The 550 is 10% more cost, but also gives 10% more power in the exact same case with the same weight. For those reasons I'd happily choose the 550XP mkII again.

The other option is the original 550xp if you can get your hands on one, they are between the 550 mkII and 545 mkII in both price and power and are lighter than both. I'm just not sure if there is inventory of them left, although Husqvarna still lists them on their website.


----------



## jeffoc (May 15, 2020)

Thanks. I was thinking about the 16" bar. Mainly because I'll be cutting hardwood. With that and the extra hp I'm leaning hard in the direction of the 550.


----------



## ABMax24 (May 15, 2020)

You won't be disappointed with a 550. It's the fastest turning engine husqvarna puts in a saw, it moves a lot of wood for a 50cc saw.


----------



## JRHAWK9 (May 15, 2020)

ABMax24 said:


> You won't be disappointed with a 550. It's the fastest turning engine husqvarna puts in a saw, it moves a lot of wood for a 50cc saw.

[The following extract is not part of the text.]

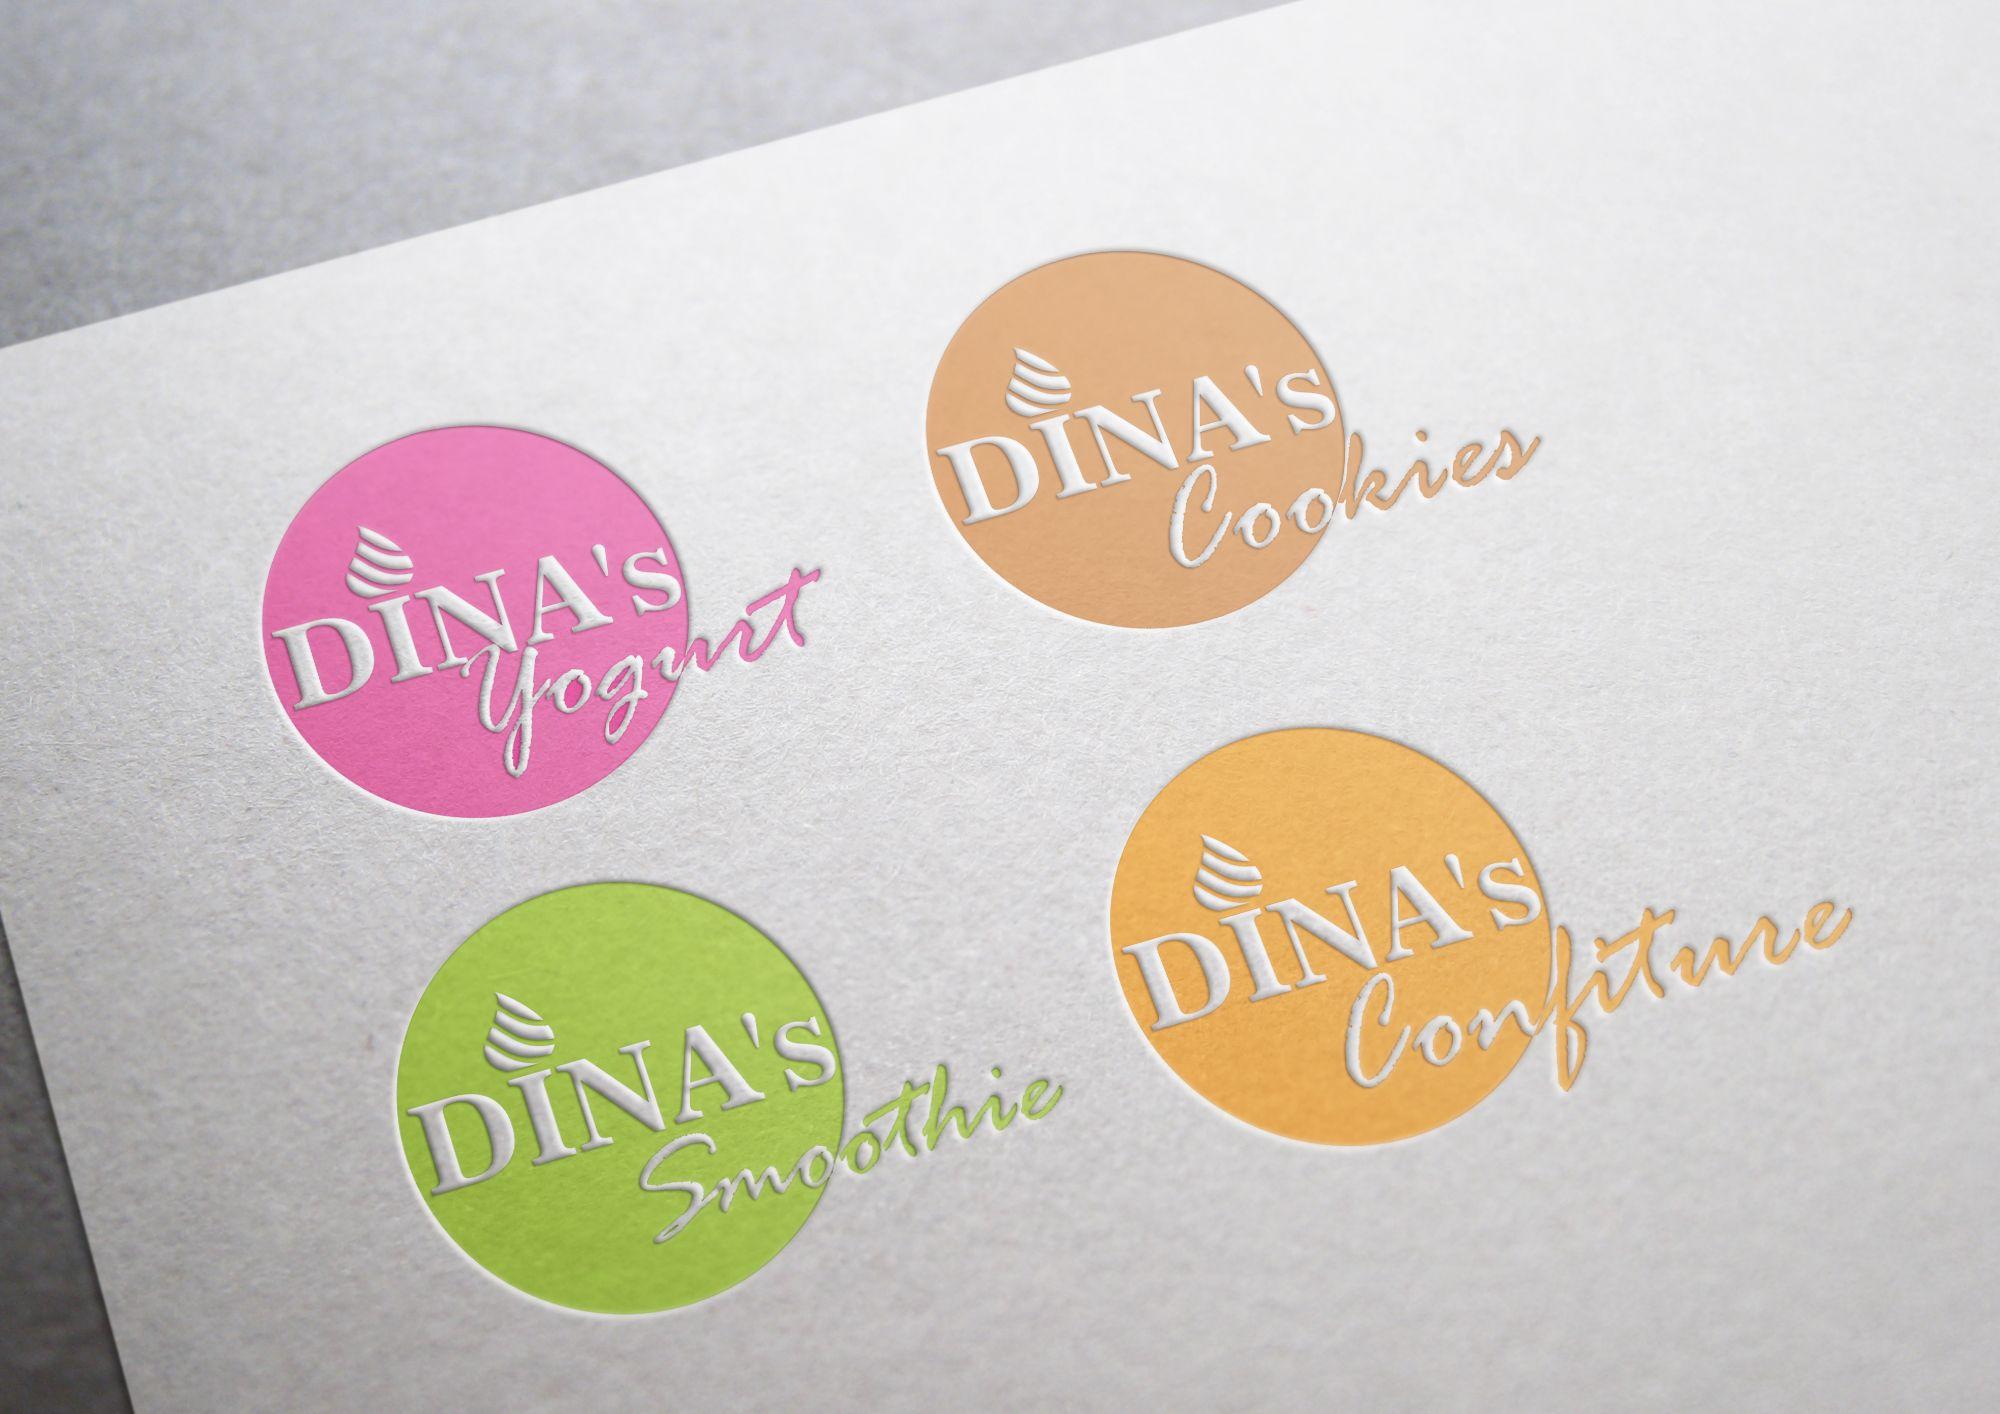 Лого для кондитерских изделий DINA's - дизайнер MEOW

curious, do you know what they turn, on average, out of the wood?  I have my ported 346XP tuned to 14,400 - 15,000 or so.  I also run a larger 8 pin rim sprocket too, so it really moves the chain compared to when it was stock.  I ran a stock 550XP (soon after they came out) years ago my buddy bought and it really wasn't a match for my ported 346XP.


----------



## jeffoc (May 15, 2020)

JRHAWK9 said:


> curious, do you know what they turn, on average, out of the wood?  I have my ported 346XP tuned to 14,400 - 15,000 or so.  I also run a larger 8 pin rim sprocket too, so it really moves the chain compared to when it was stock.  I ran a stock 550XP (soon after they came out) years ago my buddy bought and it really wasn't a match for my ported 346XP.


I believe the 550 XP MK2 runs around 10,200 RPM and the 545 runs about 500 slower according to the Husky website. Well really going by what I remember reading on the website a couple days ago.


----------



## JRHAWK9 (May 15, 2020)

jeffoc said:


> I believe the 550 XP MK2 runs around 10,200 RPM and the 545 runs about 500 slower according to the Husky website. Well really going by what I remember reading on the website a couple days ago.



That's got to be in the cut or peak TQ RPM or something.  I'm sure they don't run that slow out of the cut.  I'm referring to the tuned RPM....holding it WOT under no load.  The point at which is starts to 4 stroke, which is the natural rev limiter of a saw dialed in with AFR, or in the 550XP's case, set by the factory.  I'm guessing it's got to be somewhere in the 14K area.....?


----------



## jeffoc (May 15, 2020)

That was the only info I saw. Sorry I can't be more help.


----------



## ABMax24 (May 15, 2020)

JRHAWK9 said:


> That's got to be in the cut or peak TQ RPM or something.  I'm sure they don't run that slow out of the cut.  I'm referring to the tuned RPM....holding it WOT under no load.  The point at which is starts to 4 stroke, which is the natural rev limiter of a saw dialed in with AFR, or in the 550XP's case, set by the factory.  I'm guessing it's got to be somewhere in the 14K area.....?


 10,200 is the peak power rpm, I believe the rev limit is in the 14k area IIRC from the manual.

Your saw and a 550xp share essentially the same motor, I believe the coil, and transfer ports in the cylinder are different, I believe the 550xp also has crank stuffers.


----------